### SUPPLIED INFORMATION
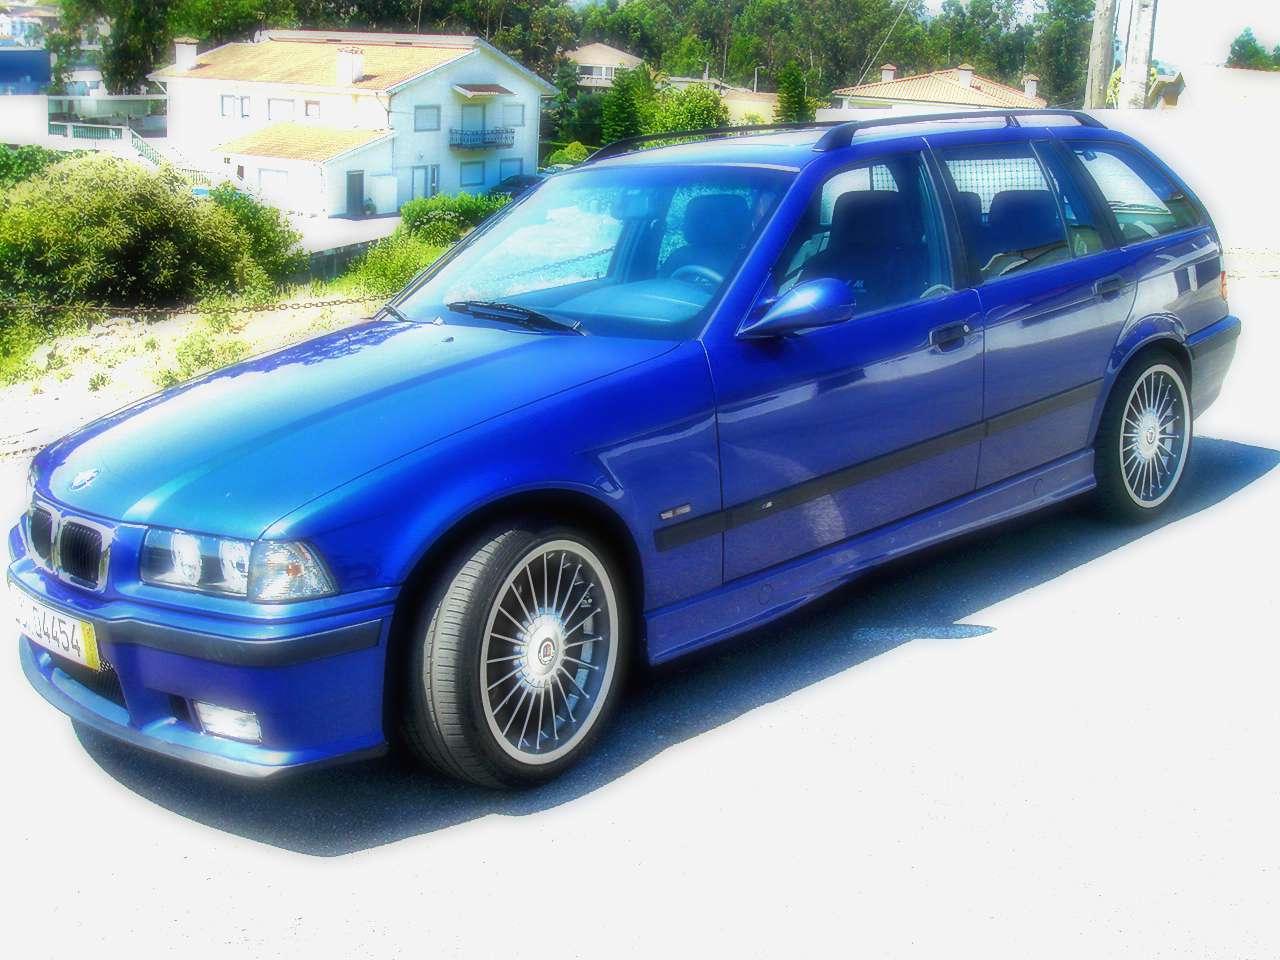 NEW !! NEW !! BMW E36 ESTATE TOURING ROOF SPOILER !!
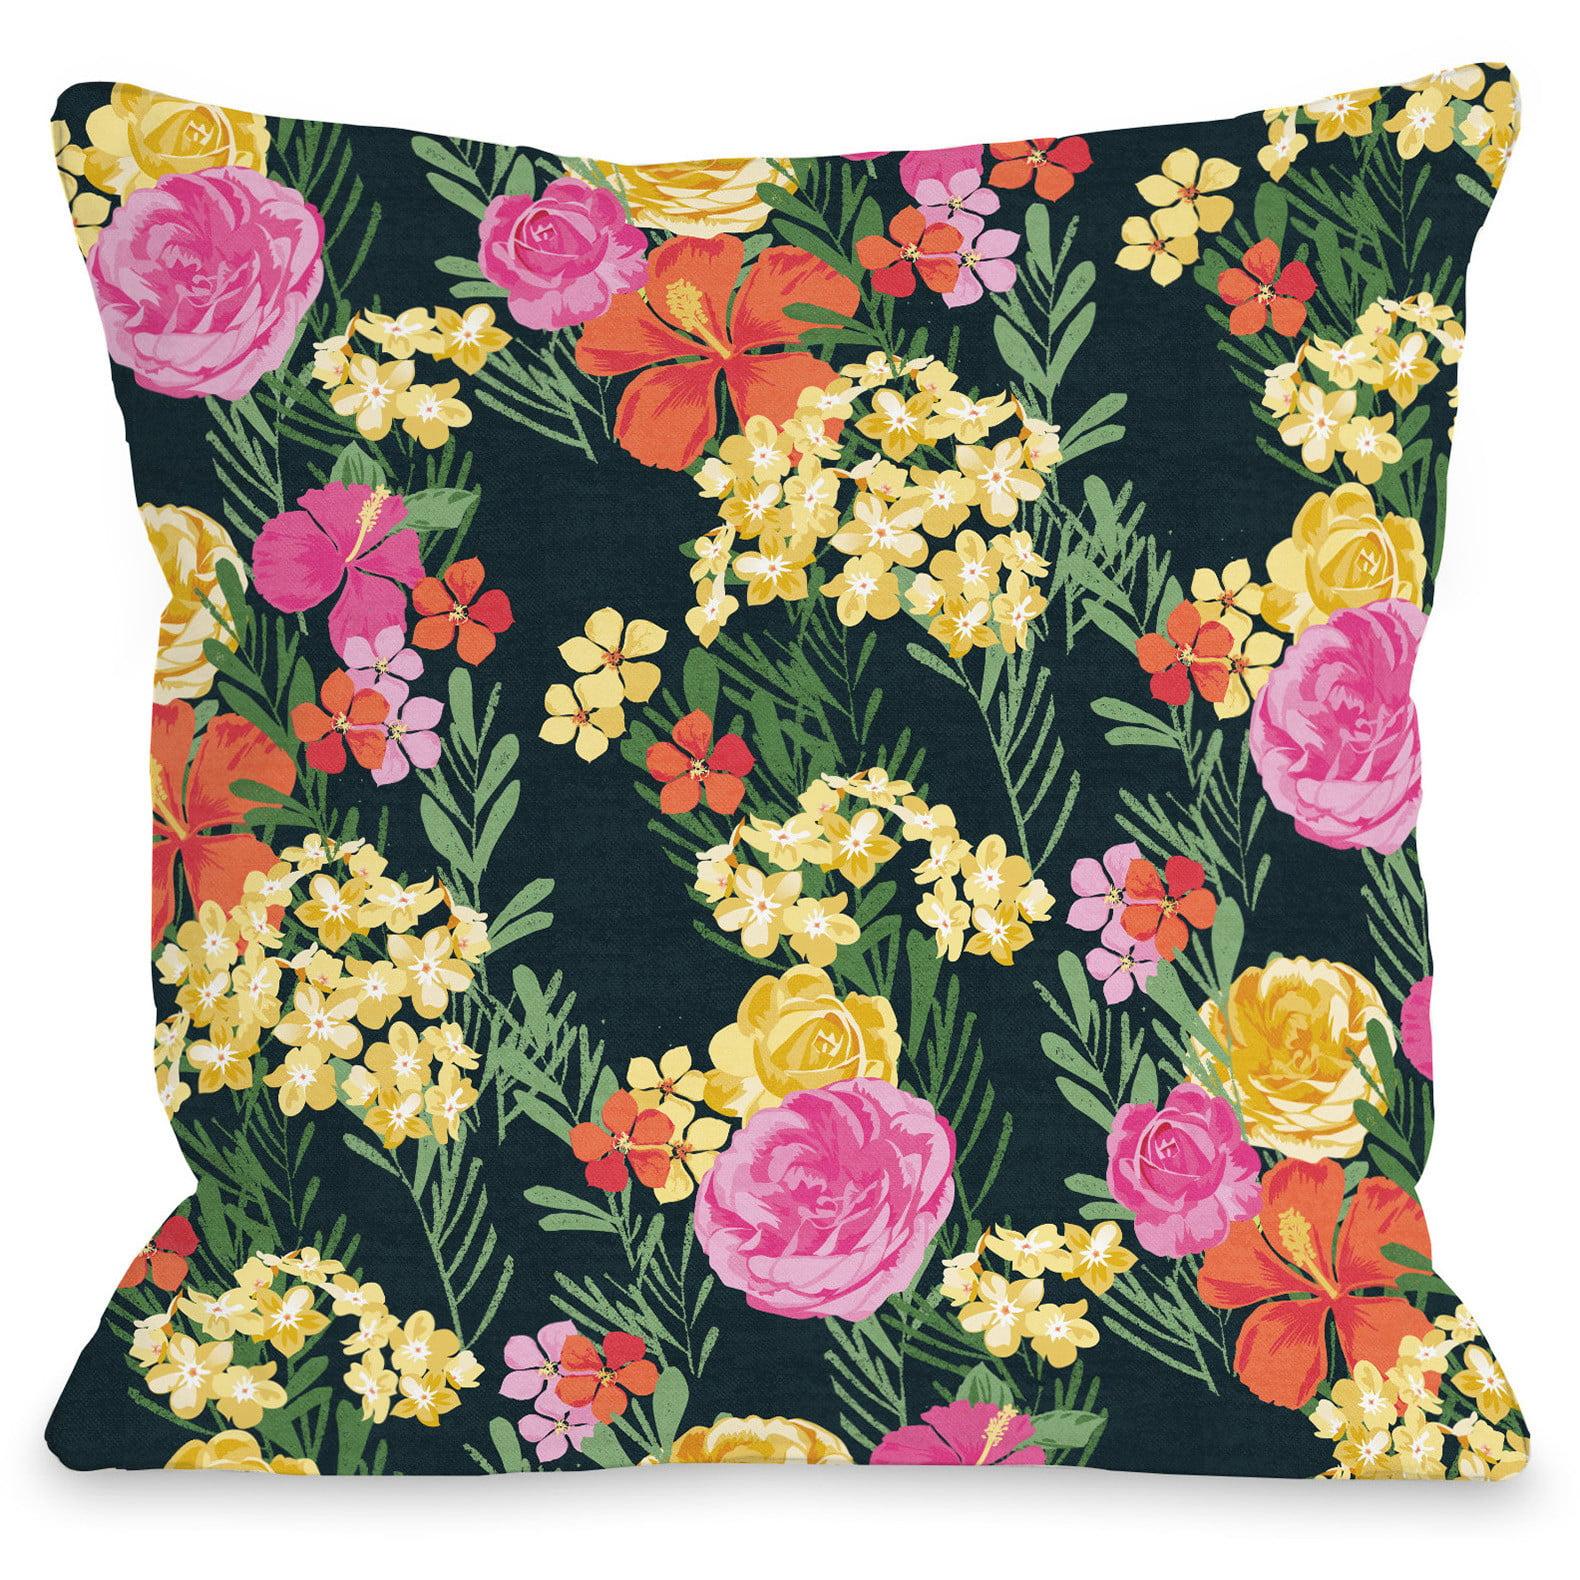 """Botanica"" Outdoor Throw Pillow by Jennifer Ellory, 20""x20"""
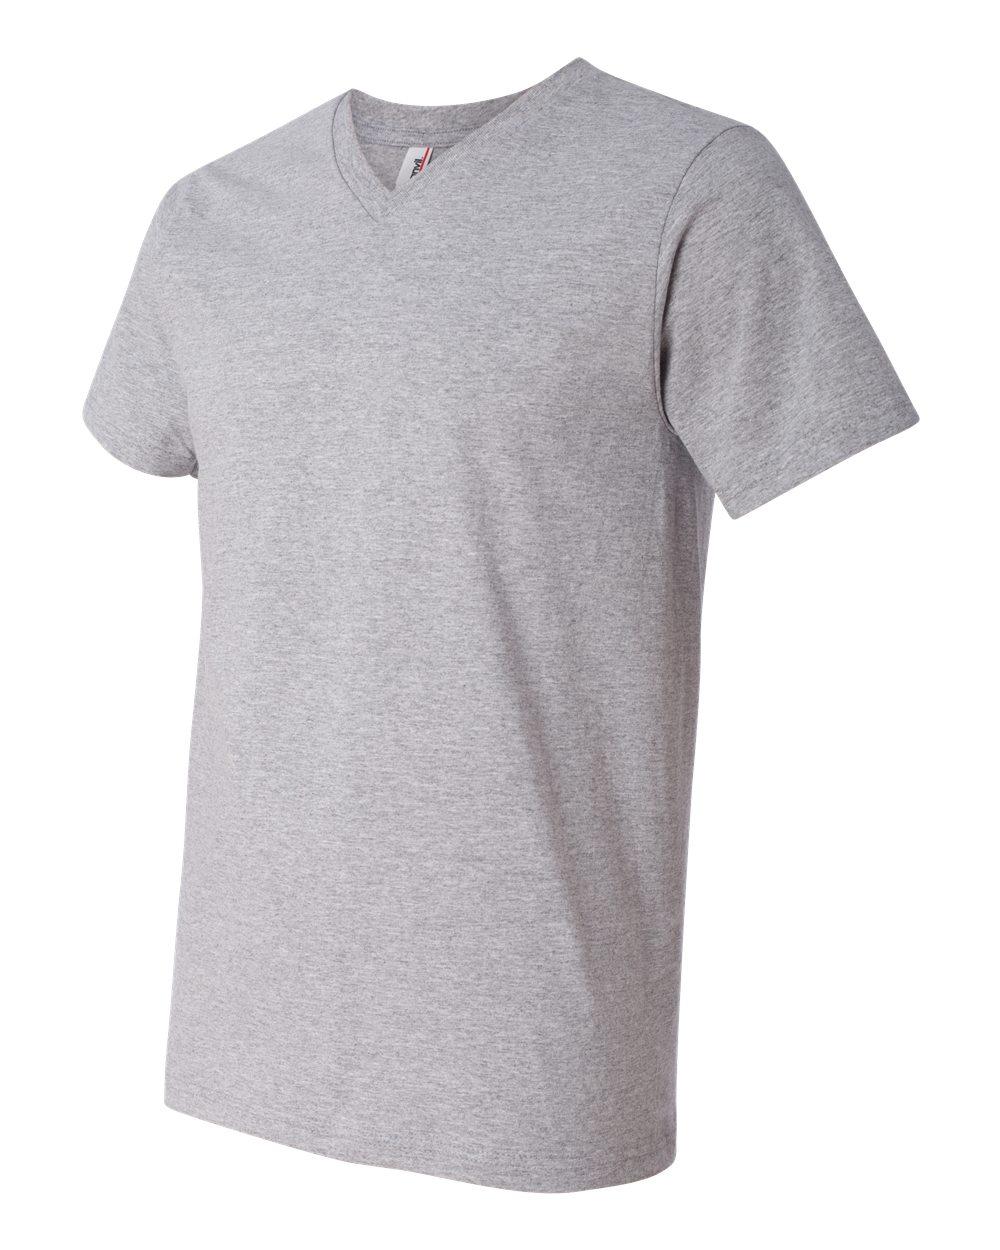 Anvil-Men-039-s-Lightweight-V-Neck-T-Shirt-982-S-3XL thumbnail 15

### REQUIREMENT
Give every line of the listing above again, exactly, with no images.

### RESULT BELOW
 NEW !! NEW !! BMW E36 ESTATE TOURING ROOF SPOILER !!
 """Botanica"" Outdoor Throw Pillow by Jennifer Ellory, 20""x20"""
 Anvil-Men-039-s-Lightweight-V-Neck-T-Shirt-982-S-3XL thumbnail 15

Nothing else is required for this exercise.